But the Quora question seems to me essentially misguided (as are many positions posited on Quora): Tolkien emphasizes (through the voice of Gandalf) that Sauron’s intentions were to use Smaug in an attack upon Rivendell. Sauron and Smaug were not enemies: they were allies, at least as far as their enmity towards Elves and Men was concerned.


----------



## Olorgando (Dec 30, 2021)

Radaghast said:


> I fail to see what this man and elf, as powerful as they were, could do against a fire-breathing airborne dragon.



Smaug was killed by Bard the Bowman with a single arrow. Elendil was a Númenórean, whom I would put at least one notch above Bard as a warrior, and there was this bit about the fearsome (hollow) steel bows of the Númenóreans.
In a similar vein, Legolas shot down one of the fell beasts carrying a Nazgûl. I would think Gil-galad would have spotted Smaug's weak spot with his Elven eyes - as would any of his warriors, and any one of them could have shot Smaug down.
I definitely do *not* envision Gil-galad and Elendil in the kind of single-handed combat with Smaug as seems implied in their ultimate confrontation with Sauron.
And I agree with @Alcuin that the whole question is misguided, as are so many hypothetical A vs. B confrontations.


----------



## Radaghast (Dec 30, 2021)

Alcuin said:


> Ancalagon the Black, greatest of all winged dragons, was vanquished by Eärendil, a Half-elf.
> 
> But the Quora question seems to me essentially misguided (as are many positions posited on Quora): Tolkien emphasizes (through the voice of Gandalf) that Sauron’s intentions were to use Smaug in an attack upon Rivendell. Sauron and Smaug were not enemies: they were allies, at least as far as their enmity towards Elves and Men was concerned.


Ancalagon is killed in circumstances never detailed, maybe not even for himself. Whatever, the details may be we can be sure it wasn't a balloon ride (and Eärendil's is a story I wish Tolkien had the time and/or inclination to write).

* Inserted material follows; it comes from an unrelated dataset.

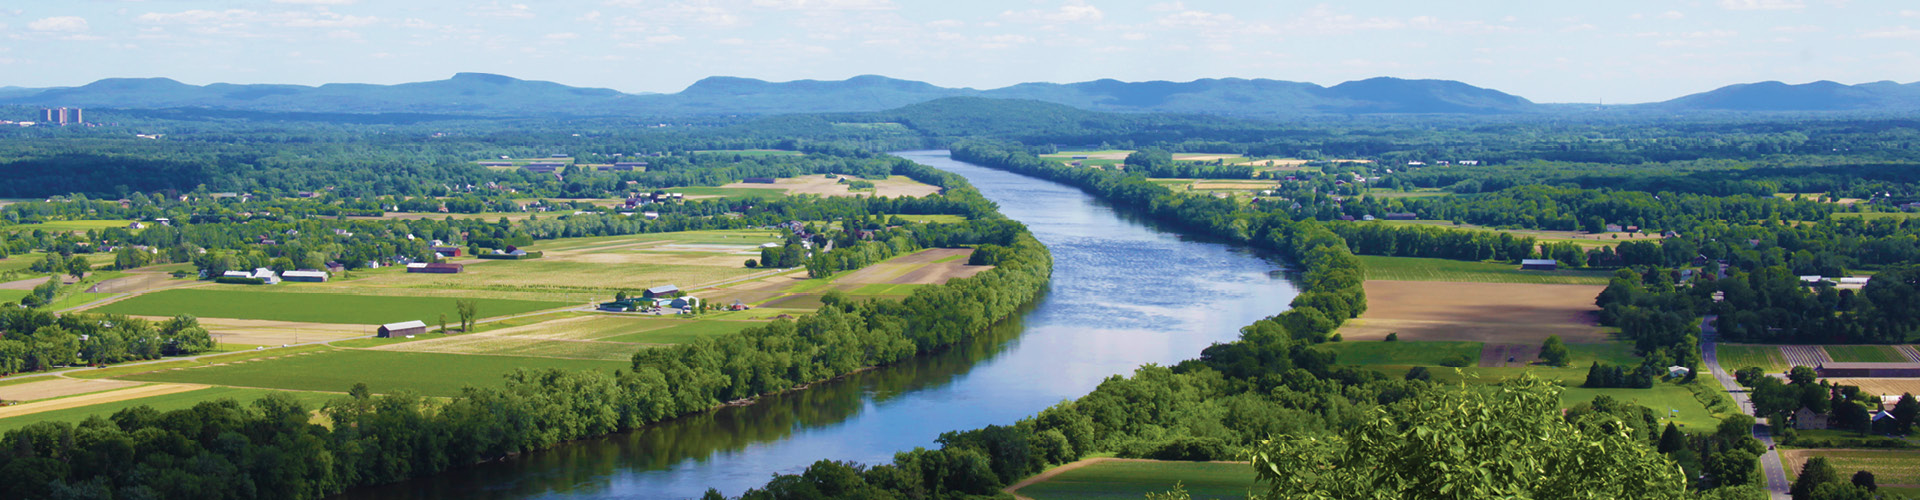 View of the CT river

As for Smaug's supposed enmity, I don't see evidence of it. He seems content to snooze on a pile of bling for years on end. In D&D parlance, he's a textbook example of Neutral Evil.



Olorgando said:


> Smaug was killed by Bard the Bowman with a single arrow. Elendil was a Númenórean, whom I would put at least one notch above Bard as a warrior, and there was this bit about the fearsome (hollow) steel bows of the Númenóreans.
> In a similar vein, Legolas shot down one of the fell beasts carrying a Nazgûl. I would think Gil-galad would have spotted Smaug's weak spot with his Elven eyes - as would any of his warriors, and any one of them could have shot Smaug down.
> I definitely do *not* envision Gil-galad and Elendil in the kind of single-handed combat with Smaug as seems implied in their ultimate confrontation with Sauron.
> And I agree with @Alcuin that the whole question is misguided, as are so many hypothetical A vs. B confrontations.


Yes, by that token Sauron himself could fell Smaug. Any crack shot with a rifle could. Smaug has a "kill switch", if you will, just as Sauron does.

I think the thing here is that _The Hobbit_ doesn't quite jive that well with _The Lord of the Rings_, and that is largely because of Smaug. He seems to have what even the mightiest dragons have lacked, namely an armored underbelly. Without his weak spot, he is a bloody flying tank and I don't see how he could be stopped.

And he is killed in the most unlikely and convenient ways: The chink in his armor just happens to be over his heart; Bilbo just happens to have a magic ring that makes him invisible so he can see that; a thrush that can understand the Common Speech hears this from Bilbo; a man who happens to be an amazing bowman with a magic arrow also happens to understand birds, and the thrush just happens to know that Bard can understand it. In addition to all of that Smaug himself is unaware of his weakness.

It's a classic fairy tale, and there's nothing wrong with that, but it's something LotR is not, so the two are rather incongruous with each other.

So, anyway, I don't care about hypothetical A vs. B either. I just thought the idea that Sauron could crush Smaug like a bug laughable.


----------



## Olorgando (Dec 30, 2021)

Radaghast said:


> I just thought the idea that Sauron could crush Smaug like a bug laughable.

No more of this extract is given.